In the forthcoming year, the cedi stands poised to exhibit noteworthy resilience against the US dollar, projecting a single-digit depreciation, as revealed by The Economist Intelligence Unit (EIU) in its 2024 Africa Outlook Report.
Citing the pivotal role of the International Monetary Fund (IMF) Programme, the UK-based firm forecasts that Ghana’s currency will benefit, setting it apart from the trajectory anticipated for only five other African nations—namely Egypt, Sudan, Ethiopia, Angola, and Zimbabwe—expected to undergo double-digit depreciation in 2024.
“The Central and West African countries that make up the CFA franc zone will experience currency appreciation in 2024. The currencies of most other African countries will depreciate next year, with five experiencing double-digit depreciation: Egypt, Sudan, Ethiopia, Angola, and Zimbabwe,” states the EIU.

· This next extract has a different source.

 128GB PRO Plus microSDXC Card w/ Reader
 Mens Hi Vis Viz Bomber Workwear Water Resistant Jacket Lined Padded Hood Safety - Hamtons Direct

Despite an overall projection of currency depreciation against the US dollar across much of Africa, the report offers a glimmer of optimism, anticipating a moderation in the extent of adjustments compared to the preceding year.

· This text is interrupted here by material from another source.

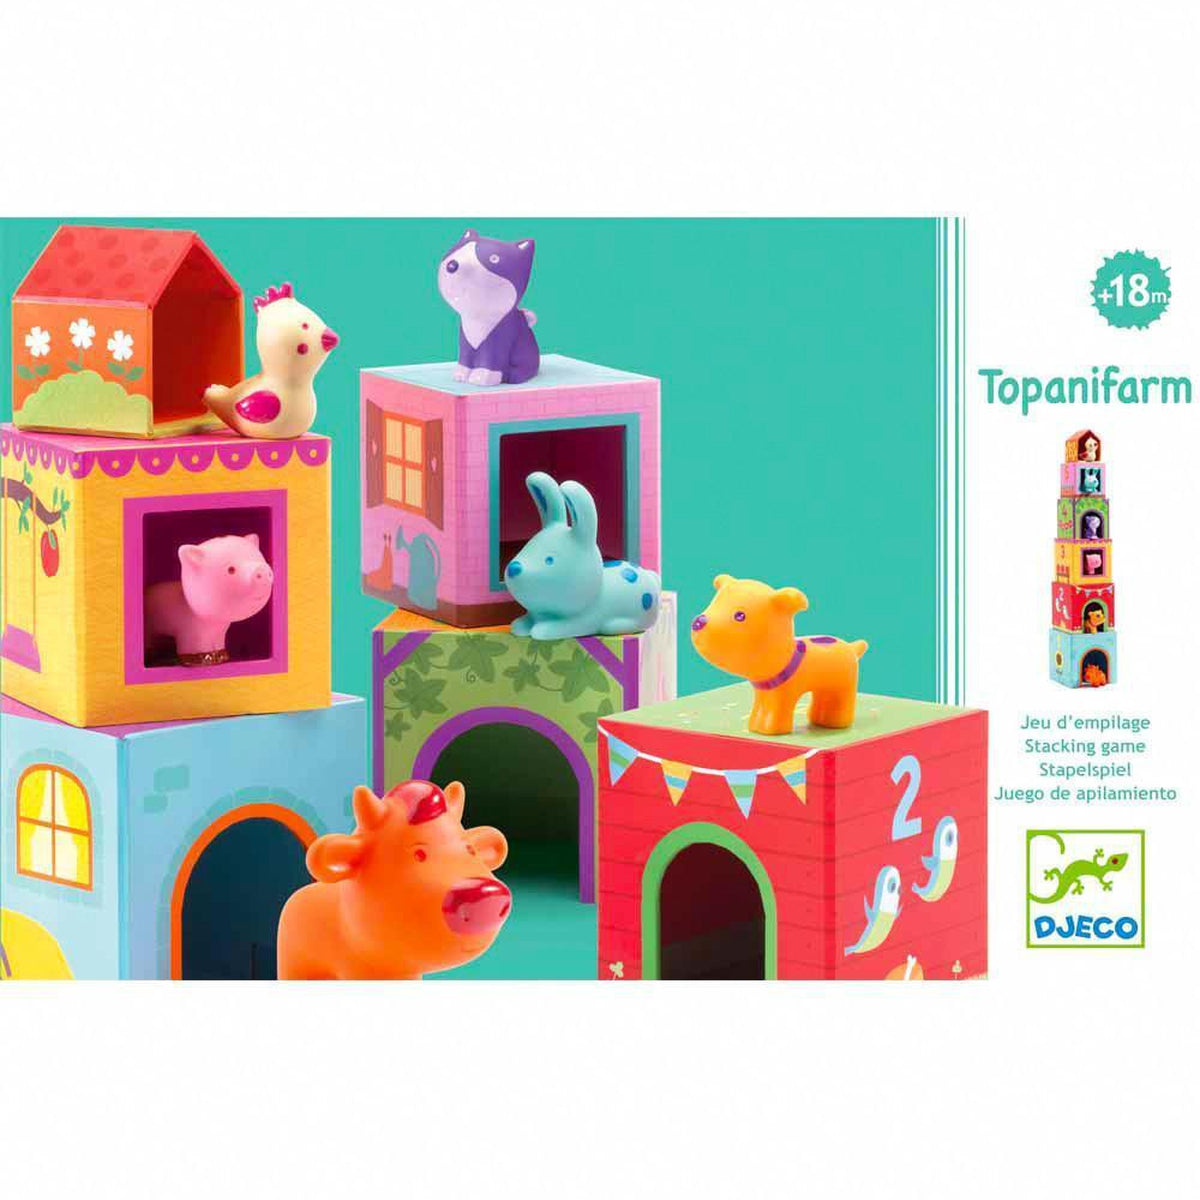 Djeco topanifarm blocks and animal figures-blocks & building sets-Djeco-Dilly Dally Kids

However, the domestic scenario paints a contrasting picture, with the cedi currently trading at GHS 12.18 in the retail market. Heightened demand driven by corporates and importers in the lead-up to the festive season continues to exert pressure.

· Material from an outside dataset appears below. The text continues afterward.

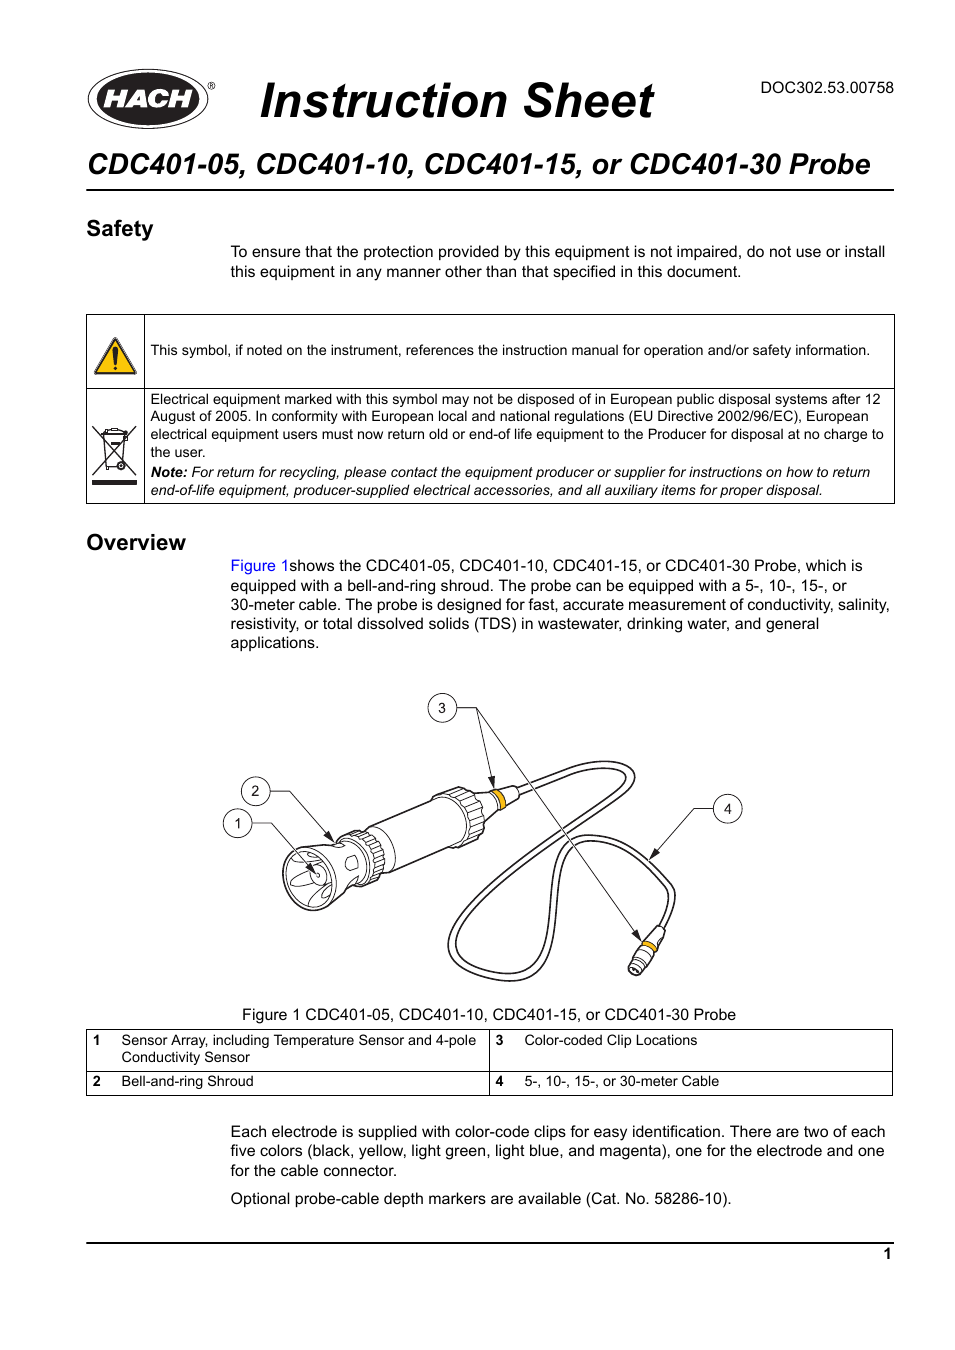 CDC401-30 Instruction Sheet

Looking ahead, market dynamics hinge on the impending Cocoa Syndication Loan, eagerly anticipated following parliamentary approval. Investment firm, GCB Capital underscores the critical role of the loan’s timing and the release of the second tranche of the IMF funds in ensuring cedi stability for the remainder of the year.
As the curtains draw on the final quarter of 2023, industry analysts and market observers closely monitor the confluence of the cocoa syndication loan and the IMF bailout package’s second tranche, foreseeing a pivotal influence on the cedi’s performance in the immediate future.